Data for review: Begin

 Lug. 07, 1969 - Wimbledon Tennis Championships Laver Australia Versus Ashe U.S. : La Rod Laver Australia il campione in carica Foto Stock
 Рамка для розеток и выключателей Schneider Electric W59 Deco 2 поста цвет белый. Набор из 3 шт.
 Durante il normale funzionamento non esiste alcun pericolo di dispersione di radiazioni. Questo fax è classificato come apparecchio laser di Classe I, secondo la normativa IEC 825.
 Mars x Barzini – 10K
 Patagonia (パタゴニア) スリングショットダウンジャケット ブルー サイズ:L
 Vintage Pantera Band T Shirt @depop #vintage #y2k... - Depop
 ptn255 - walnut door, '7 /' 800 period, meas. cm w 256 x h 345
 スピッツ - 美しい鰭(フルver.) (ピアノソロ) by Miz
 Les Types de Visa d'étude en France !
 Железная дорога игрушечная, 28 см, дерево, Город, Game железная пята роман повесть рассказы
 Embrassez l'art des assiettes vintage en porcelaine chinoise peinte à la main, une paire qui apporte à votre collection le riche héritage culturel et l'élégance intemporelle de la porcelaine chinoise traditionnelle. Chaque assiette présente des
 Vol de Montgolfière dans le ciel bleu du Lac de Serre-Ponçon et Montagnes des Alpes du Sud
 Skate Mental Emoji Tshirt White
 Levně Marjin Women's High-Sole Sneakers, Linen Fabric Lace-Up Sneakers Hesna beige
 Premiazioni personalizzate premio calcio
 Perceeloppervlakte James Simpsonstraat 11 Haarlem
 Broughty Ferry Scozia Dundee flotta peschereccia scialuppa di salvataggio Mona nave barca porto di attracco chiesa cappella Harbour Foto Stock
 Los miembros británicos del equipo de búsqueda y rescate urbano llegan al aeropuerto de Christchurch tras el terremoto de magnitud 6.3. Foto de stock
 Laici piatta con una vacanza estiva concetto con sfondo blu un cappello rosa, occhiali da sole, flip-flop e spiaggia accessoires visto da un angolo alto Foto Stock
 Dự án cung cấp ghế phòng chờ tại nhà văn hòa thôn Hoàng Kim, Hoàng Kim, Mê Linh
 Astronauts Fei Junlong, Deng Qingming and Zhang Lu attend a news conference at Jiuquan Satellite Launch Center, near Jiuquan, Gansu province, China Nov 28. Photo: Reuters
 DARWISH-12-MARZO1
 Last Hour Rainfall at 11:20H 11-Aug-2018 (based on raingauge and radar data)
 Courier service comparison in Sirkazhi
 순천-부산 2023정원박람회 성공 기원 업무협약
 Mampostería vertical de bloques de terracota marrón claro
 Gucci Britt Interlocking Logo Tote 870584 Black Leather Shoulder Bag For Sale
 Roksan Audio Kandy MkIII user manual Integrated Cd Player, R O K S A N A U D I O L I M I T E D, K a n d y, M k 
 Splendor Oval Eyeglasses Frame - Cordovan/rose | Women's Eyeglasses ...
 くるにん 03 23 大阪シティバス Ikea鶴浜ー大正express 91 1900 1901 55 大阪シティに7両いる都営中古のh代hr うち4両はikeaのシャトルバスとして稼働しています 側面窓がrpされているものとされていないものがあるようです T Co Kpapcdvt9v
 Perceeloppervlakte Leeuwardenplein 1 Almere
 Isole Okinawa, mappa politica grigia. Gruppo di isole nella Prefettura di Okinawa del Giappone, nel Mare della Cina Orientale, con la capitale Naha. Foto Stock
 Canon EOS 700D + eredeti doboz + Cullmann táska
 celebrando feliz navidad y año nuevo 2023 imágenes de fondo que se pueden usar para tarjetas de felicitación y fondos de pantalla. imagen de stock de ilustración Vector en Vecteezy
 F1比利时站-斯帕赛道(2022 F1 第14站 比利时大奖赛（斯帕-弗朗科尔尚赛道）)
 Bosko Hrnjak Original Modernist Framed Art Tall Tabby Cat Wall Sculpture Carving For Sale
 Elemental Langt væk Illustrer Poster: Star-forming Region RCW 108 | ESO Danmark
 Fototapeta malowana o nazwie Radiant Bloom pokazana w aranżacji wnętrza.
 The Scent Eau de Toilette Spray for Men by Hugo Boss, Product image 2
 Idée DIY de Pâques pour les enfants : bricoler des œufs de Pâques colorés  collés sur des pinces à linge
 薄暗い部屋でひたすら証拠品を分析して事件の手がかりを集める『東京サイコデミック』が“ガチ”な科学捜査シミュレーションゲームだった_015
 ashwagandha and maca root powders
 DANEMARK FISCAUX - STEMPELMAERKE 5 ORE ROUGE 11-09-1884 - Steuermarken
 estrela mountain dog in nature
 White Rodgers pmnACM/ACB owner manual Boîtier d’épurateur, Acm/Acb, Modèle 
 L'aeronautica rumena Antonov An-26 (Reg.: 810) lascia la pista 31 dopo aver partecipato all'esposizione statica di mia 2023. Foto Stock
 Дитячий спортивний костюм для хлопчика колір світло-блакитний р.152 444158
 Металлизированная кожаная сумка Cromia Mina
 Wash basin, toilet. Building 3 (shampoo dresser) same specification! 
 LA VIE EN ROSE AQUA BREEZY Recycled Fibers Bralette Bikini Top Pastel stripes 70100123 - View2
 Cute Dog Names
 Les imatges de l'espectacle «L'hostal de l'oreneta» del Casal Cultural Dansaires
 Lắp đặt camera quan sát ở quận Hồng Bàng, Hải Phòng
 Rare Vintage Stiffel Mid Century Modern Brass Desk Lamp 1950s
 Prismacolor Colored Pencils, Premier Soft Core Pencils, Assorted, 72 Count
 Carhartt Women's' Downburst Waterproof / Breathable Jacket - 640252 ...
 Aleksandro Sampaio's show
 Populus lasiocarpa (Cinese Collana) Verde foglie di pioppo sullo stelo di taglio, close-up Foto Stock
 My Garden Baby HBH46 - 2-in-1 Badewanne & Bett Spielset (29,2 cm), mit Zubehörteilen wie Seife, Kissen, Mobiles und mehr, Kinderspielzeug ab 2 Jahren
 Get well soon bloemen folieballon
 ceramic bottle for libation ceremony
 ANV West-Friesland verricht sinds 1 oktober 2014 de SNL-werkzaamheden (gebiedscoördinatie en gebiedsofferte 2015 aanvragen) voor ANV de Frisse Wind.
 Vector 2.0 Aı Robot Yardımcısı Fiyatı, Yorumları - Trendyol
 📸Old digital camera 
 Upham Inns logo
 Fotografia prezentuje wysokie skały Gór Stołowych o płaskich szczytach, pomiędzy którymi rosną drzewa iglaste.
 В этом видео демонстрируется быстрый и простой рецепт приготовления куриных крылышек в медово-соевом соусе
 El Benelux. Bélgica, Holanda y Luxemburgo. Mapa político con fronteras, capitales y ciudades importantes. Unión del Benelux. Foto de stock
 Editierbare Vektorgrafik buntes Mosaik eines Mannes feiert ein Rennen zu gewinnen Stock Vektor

Data for review: End

• **Exercise instructions**
Look back at the data above. Transcribe exactly the lines starting at the line that contains "ANV West-Friesland verricht" and ending at the line that contains "El Benelux. Bélgica, Holanda".

• **Solution below**
 ANV West-Friesland verricht sinds 1 oktober 2014 de SNL-werkzaamheden (gebiedscoördinatie en gebiedsofferte 2015 aanvragen) voor ANV de Frisse Wind.
 Vector 2.0 Aı Robot Yardımcısı Fiyatı, Yorumları - Trendyol
 📸Old digital camera 
 Upham Inns logo
 Fotografia prezentuje wysokie skały Gór Stołowych o płaskich szczytach, pomiędzy którymi rosną drzewa iglaste.
 В этом видео демонстрируется быстрый и простой рецепт приготовления куриных крылышек в медово-соевом соусе
 El Benelux. Bélgica, Holanda y Luxemburgo. Mapa político con fronteras, capitales y ciudades importantes. Unión del Benelux. Foto de stock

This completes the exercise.